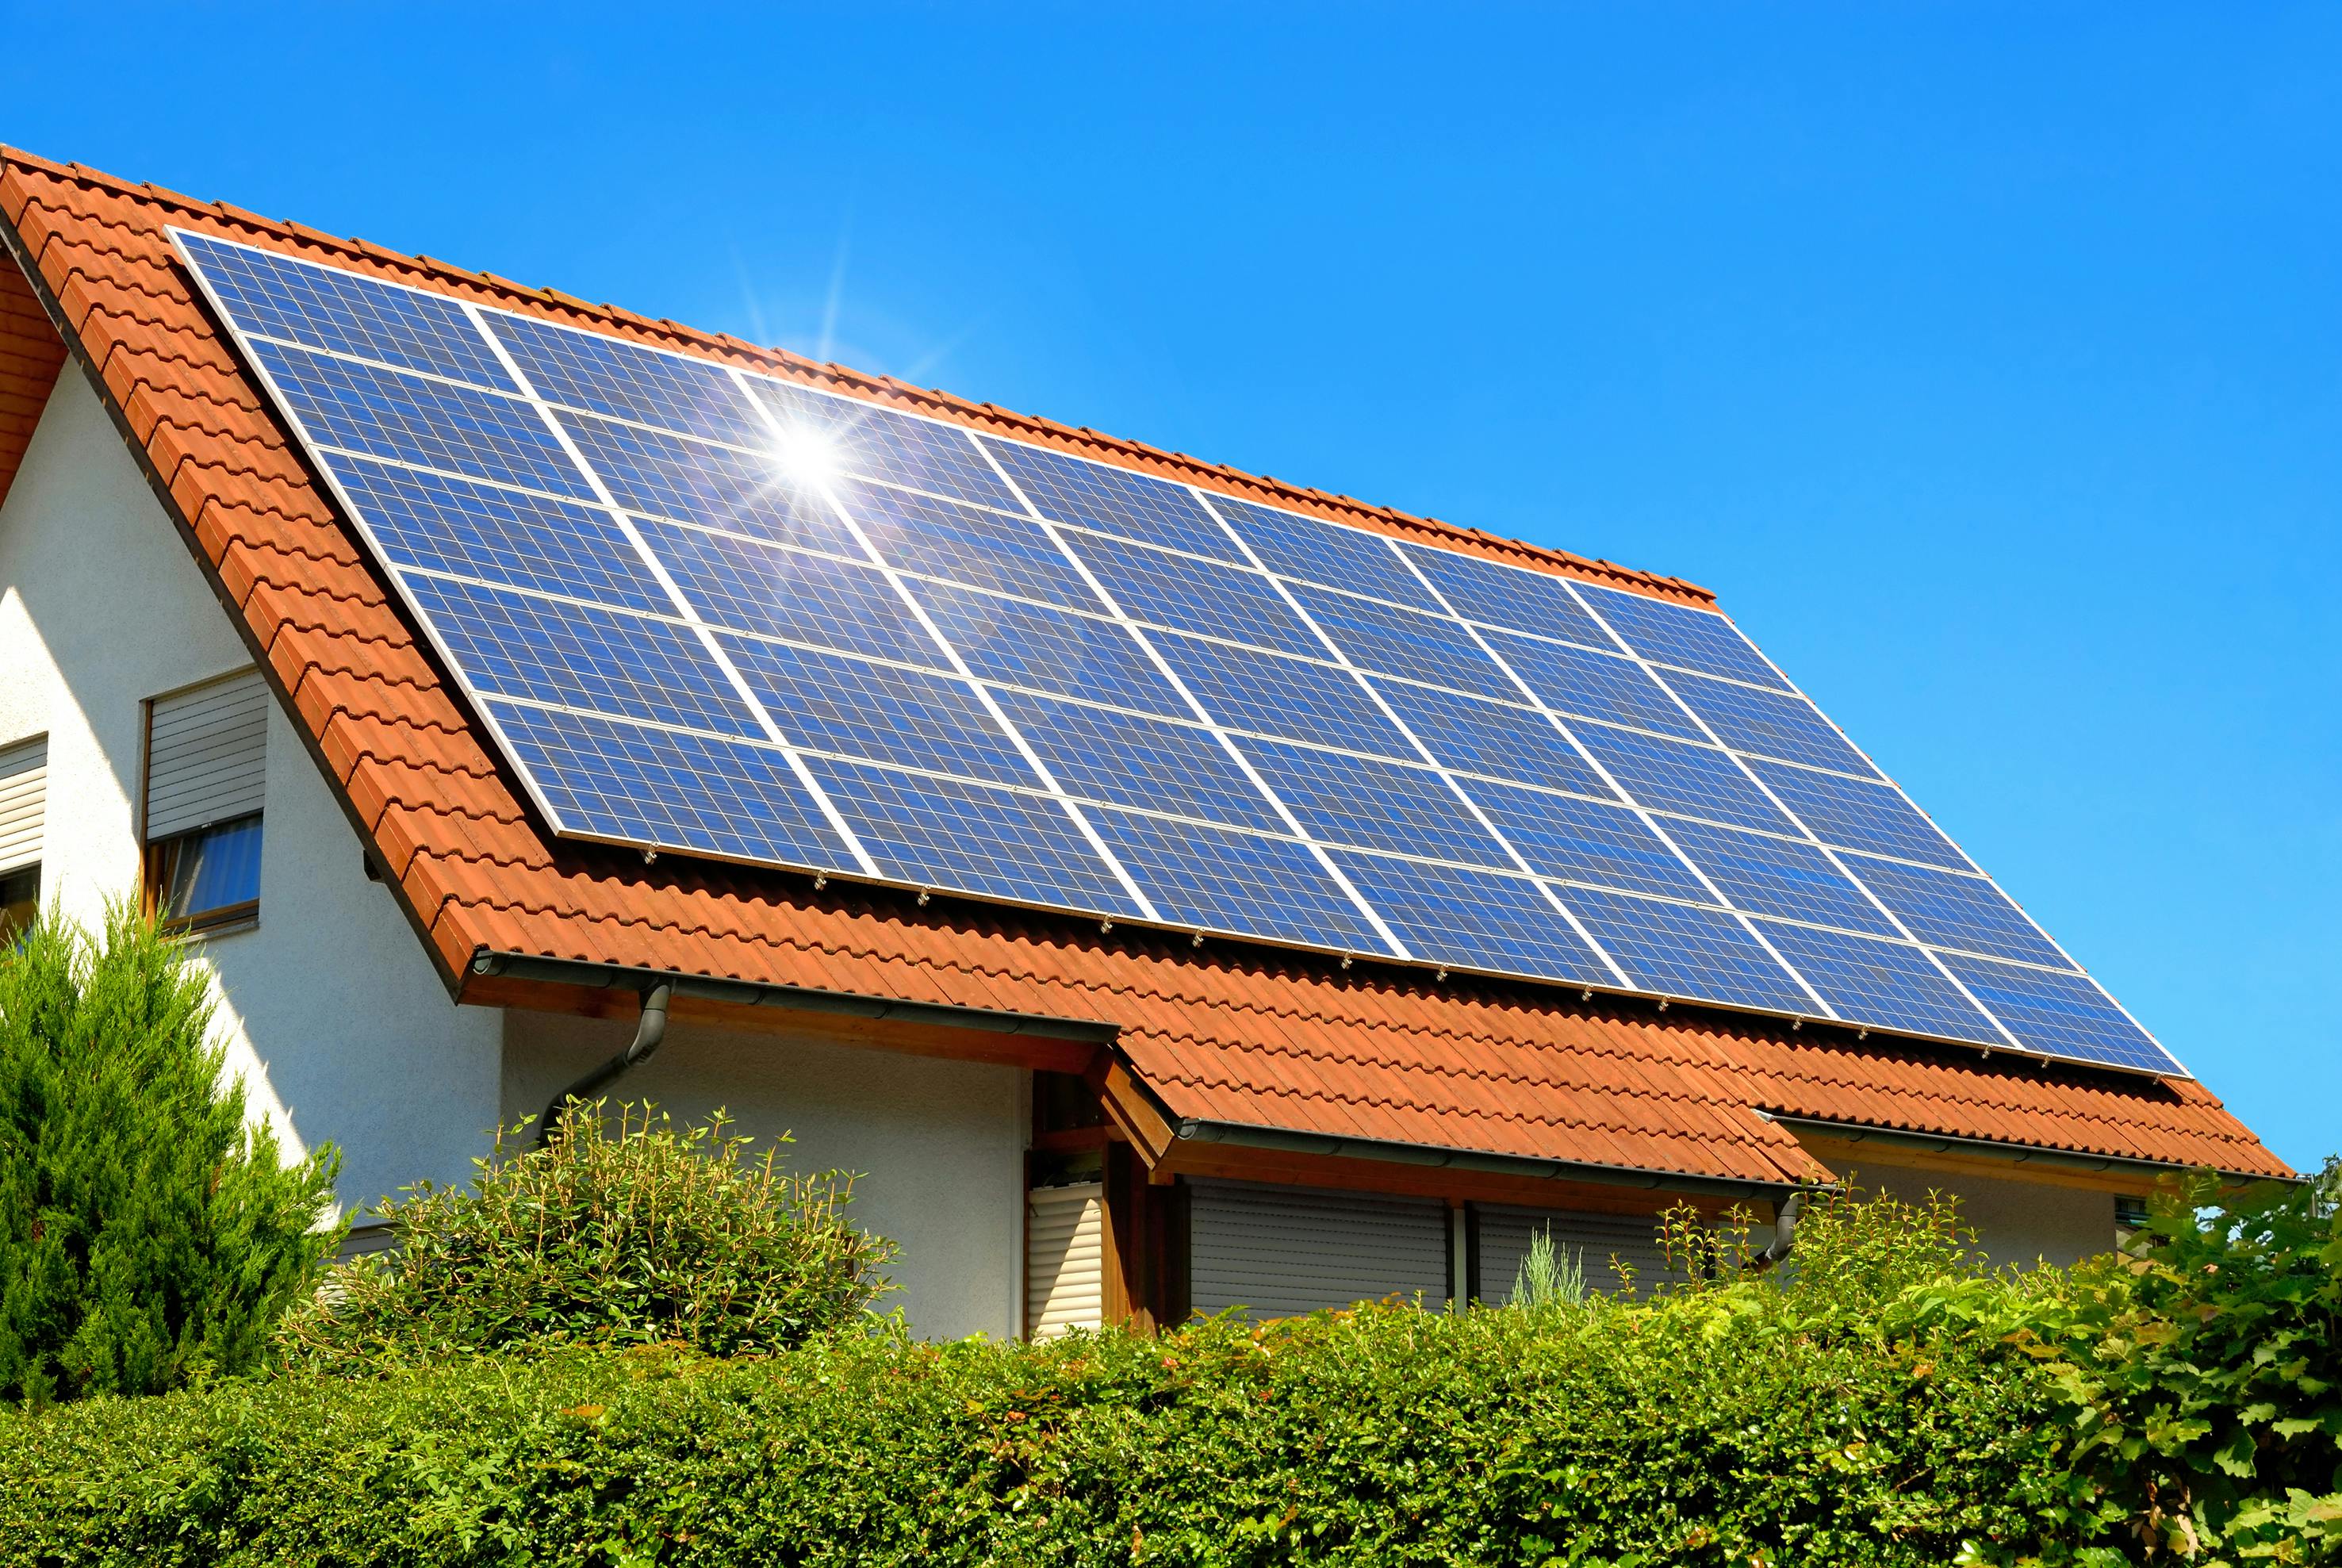 Panel solar fotovoltaico en instalación residencial
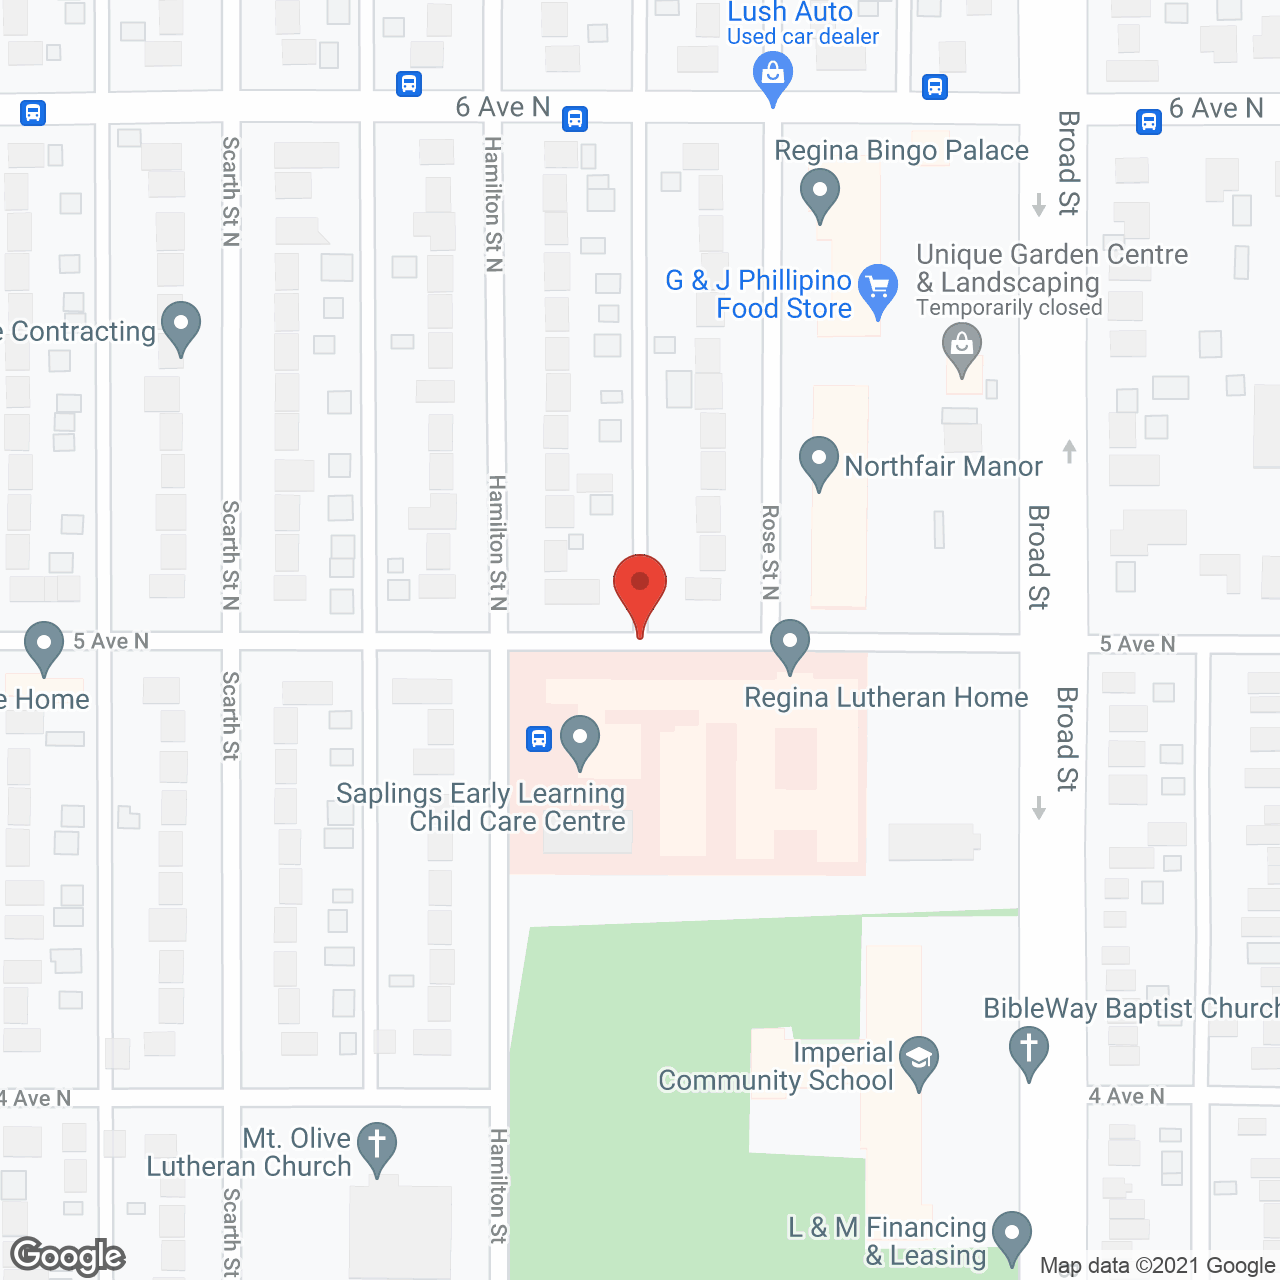 Regina Lutheran Home in google map
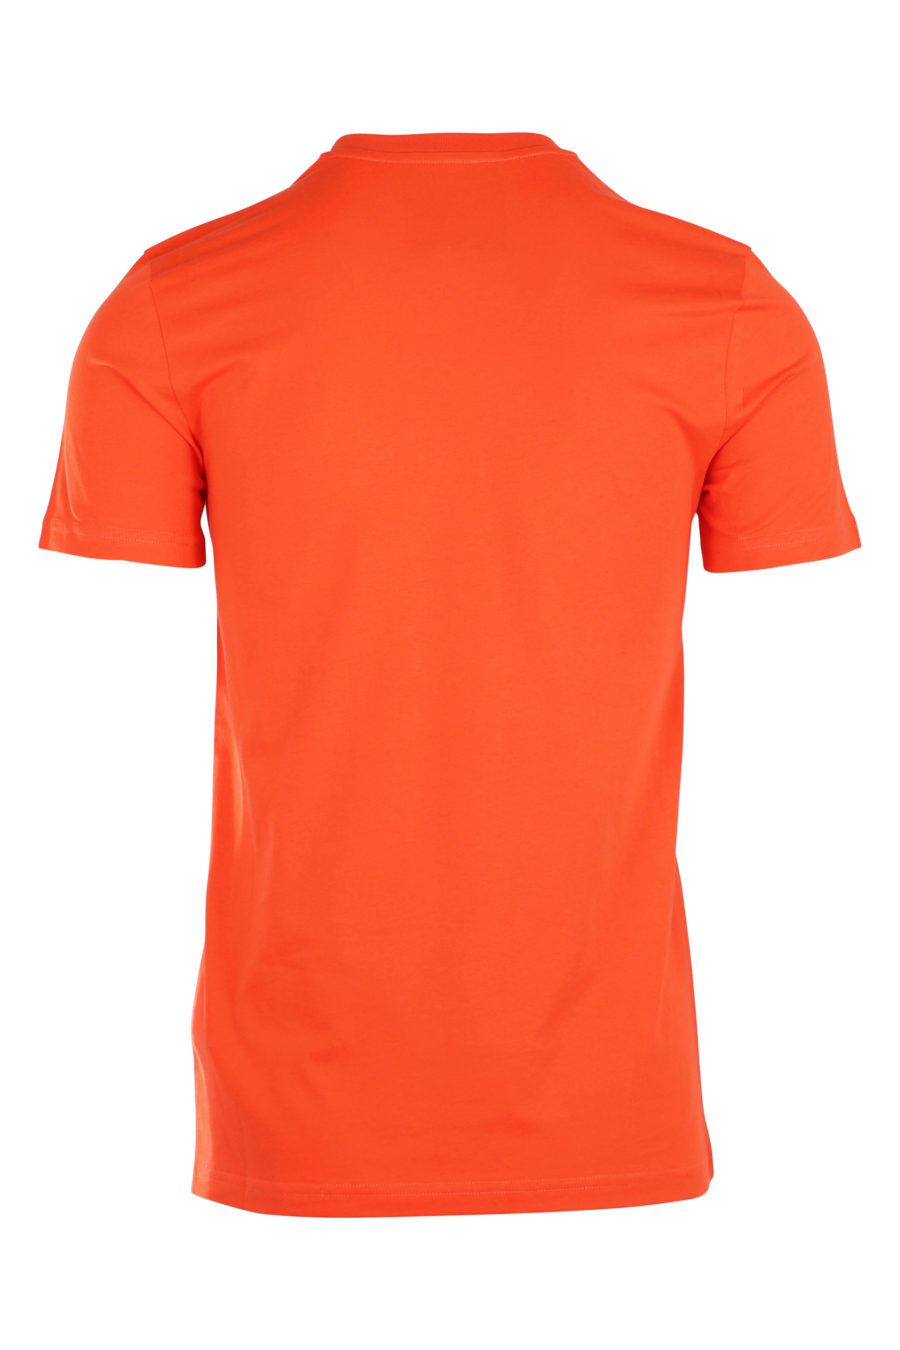 Camiseta anaranjada con logotipo grande "fantasy" - IMG 9938 1
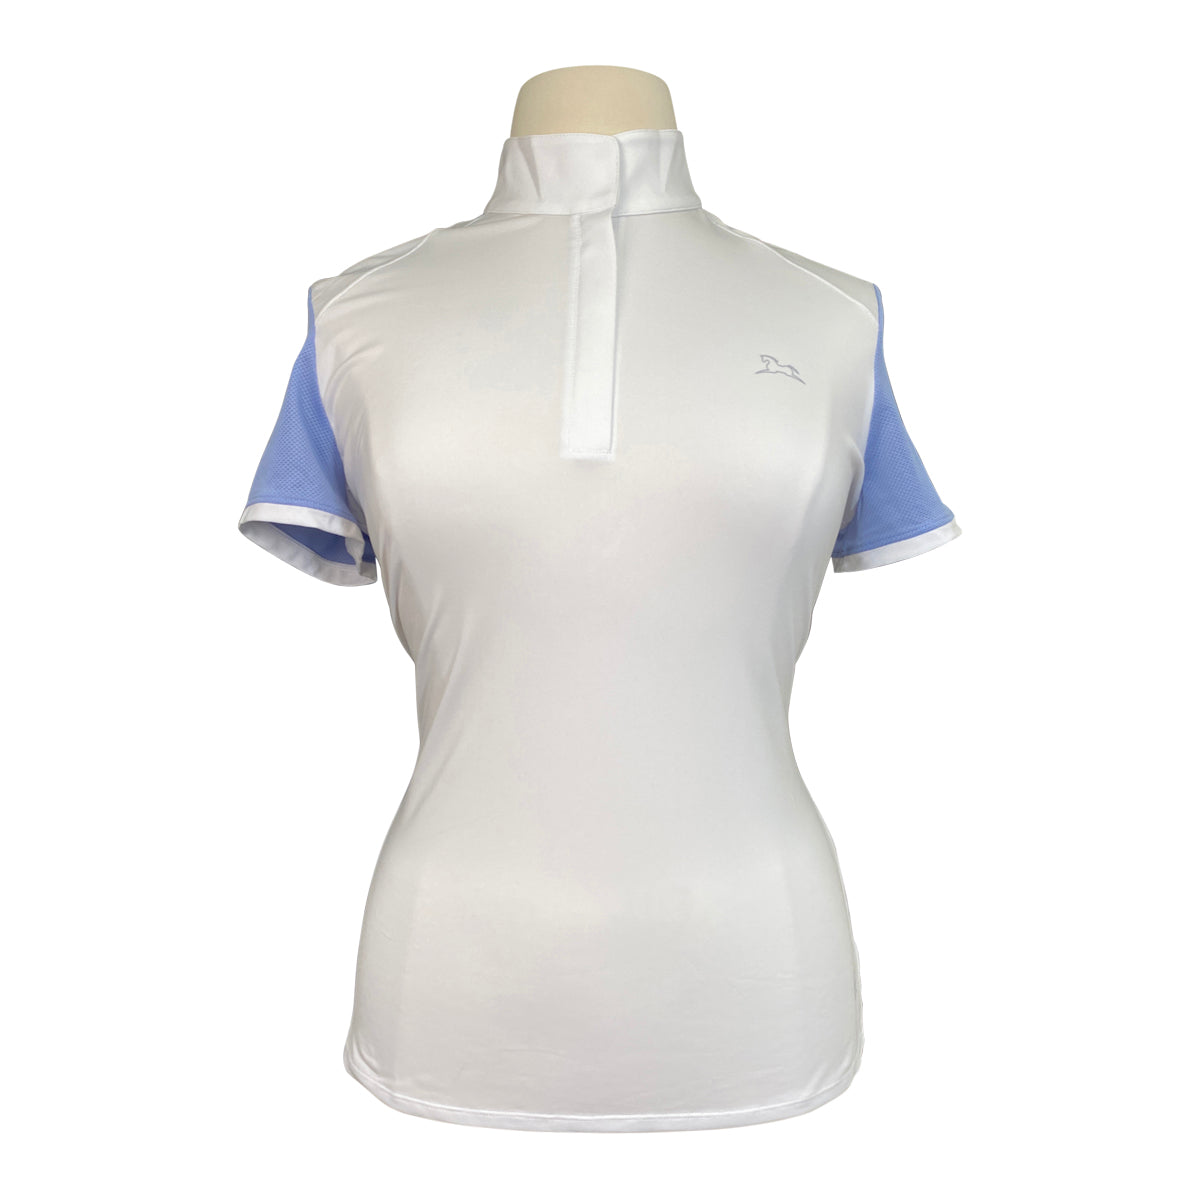 RJ Classics 'Aerial 37.5' Show Shirt in White w/Blue

━━━━━━━━━━━━━━━━

_EXERCISE DETAILS_.
Give the lines from the one containing "Camiseta anaranjada con" through the last line of the material again, exactly and with no pictures, both ends included.

_RESPONSE_.
 Camiseta anaranjada con logotipo grande "fantasy" - IMG 9938 1
 RJ Classics 'Aerial 37.5' Show Shirt in White w/Blue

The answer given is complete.